Nel 1892, la sua missione si è ampliata ulteriormente con la nomina ad arcivescovo di Genova, la sua terra d'origine. In questo ruolo di maggiore responsabilità, egli ha saputo interpretare le sfide del tempo con spirito evangelico. Un momento di grande solennità civile e religiosa ha segnato il suo episcopato nel 1900, quando è stato chiamato a celebrare le esequie di re Umberto Primo. Nonostante gli onori e le incombenze legate al suo alto ufficio, egli ha mantenuto uno stile di vita sobrio e orientato verso l'essenziale, fino al sopraggiungere della morte avvenuta a Triora nel 1901. Il ricordo della sua figura è rimasto vivo nel tempo, culminando nel riconoscimento della sua santità da parte di Giovanni Paolo Secondo il tre settembre dell'anno duemila.
L'eredità della carità
Tra le opere più significative lasciate in eredità dal Beato Tommaso Reggio spicca la fondazione della congregazione delle Suore di Santa Marta, avvenuta nel 1878. Questo istituto, nato dal desiderio di servire Cristo nei poveri e nei sofferenti, rappresenta la manifestazione più tangibile della sua visione pastorale. Egli comprese che la fede non può restare chiusa nell'ambito privato, ma deve tradursi in gesti di carità concreta, in particolare attraverso il sostegno ai bisognosi e l'istruzione dei giovani. La congregazione è fiorita sotto la sua guida ispirata, divenendo un punto di riferimento per l'intera Chiesa locale.

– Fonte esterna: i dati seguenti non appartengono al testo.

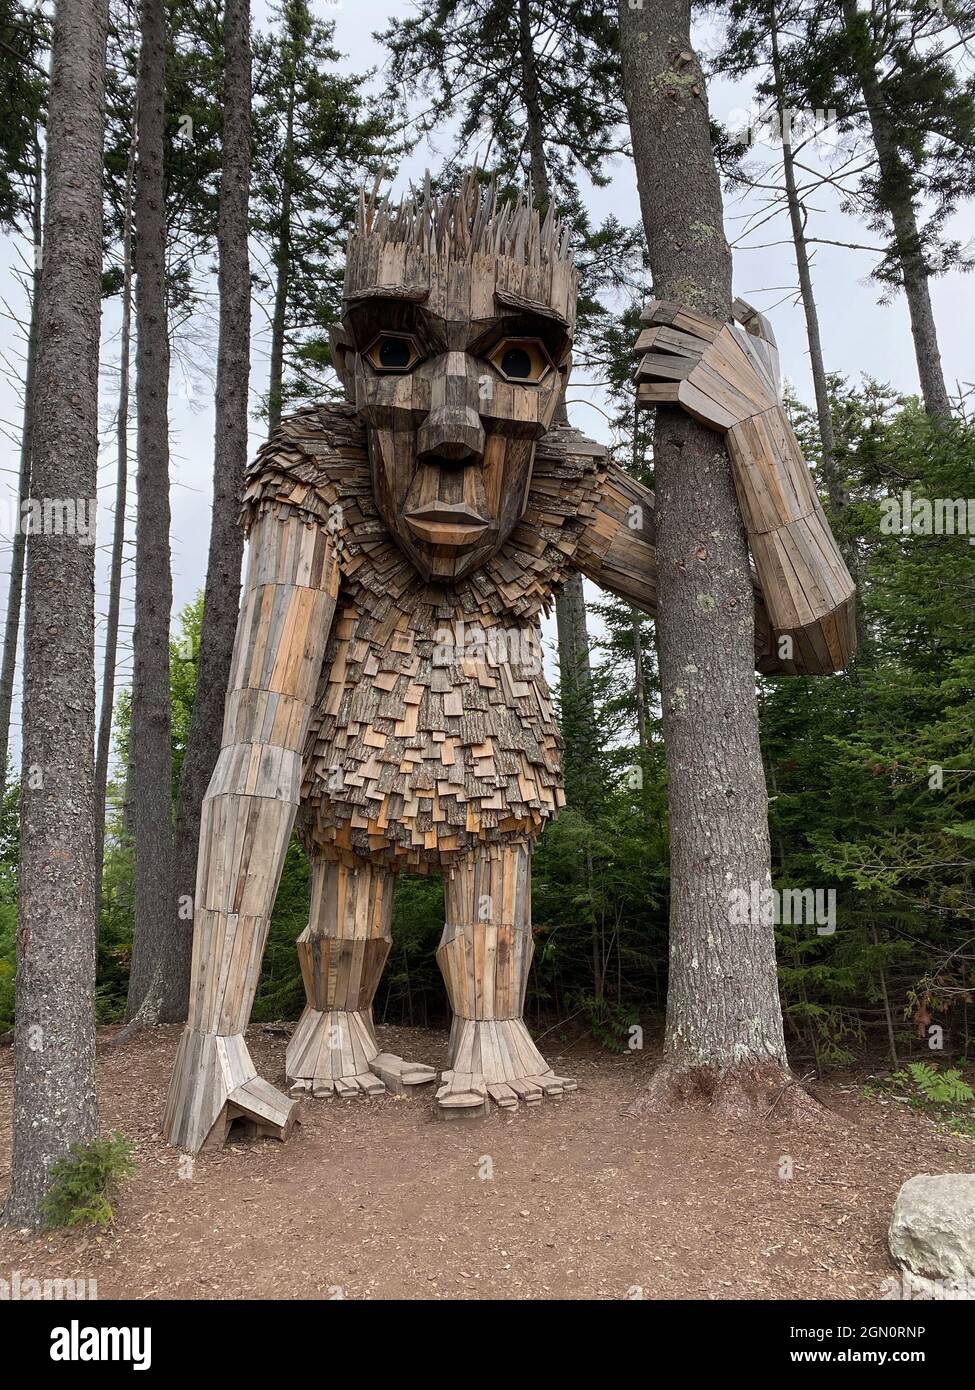 Roskva is one of the five trolls in the Coastal Botanical Gardens in Boothbay, Maine. She represents the trunk of the tree. The artist is Thomas Dambo, and he makes—all from recycled materials— the head, hands, and feet in his studio in Copenhagen, Denmark. He then ships them to wherever they are going in the world. Once in their “home”, recycled materials are gathered to make the bodies. For the Maine Gardens, about 750 palettes were used. Stock Photo

La memoria liturgica del Beato, fissata al ventidue novembre, invita oggi i fedeli a riflettere sulla fecondità di una vita spesa per il bene comune. La sua esistenza non è stata segnata da vanagloria, ma da un costante decentramento di sé in favore di Dio e dei fratelli. Ripercorrere la sua vicenda umana significa riscoprire la bellezza di un sacerdozio inteso come servizio umile e instancabile. La Chiesa lo venera come un modello di carità pastorale, capace di leggere i segni dei tempi e di offrire una risposta radicata nell'amore misericordioso del Vangelo, lasciando una traccia indelebile nella storia religiosa dell'Italia di fine diciannovesimo secolo.
Domande frequenti
Quando si festeggia il Beato Tommaso Reggio?
La sua memoria liturgica si celebra il giorno ventidue novembre.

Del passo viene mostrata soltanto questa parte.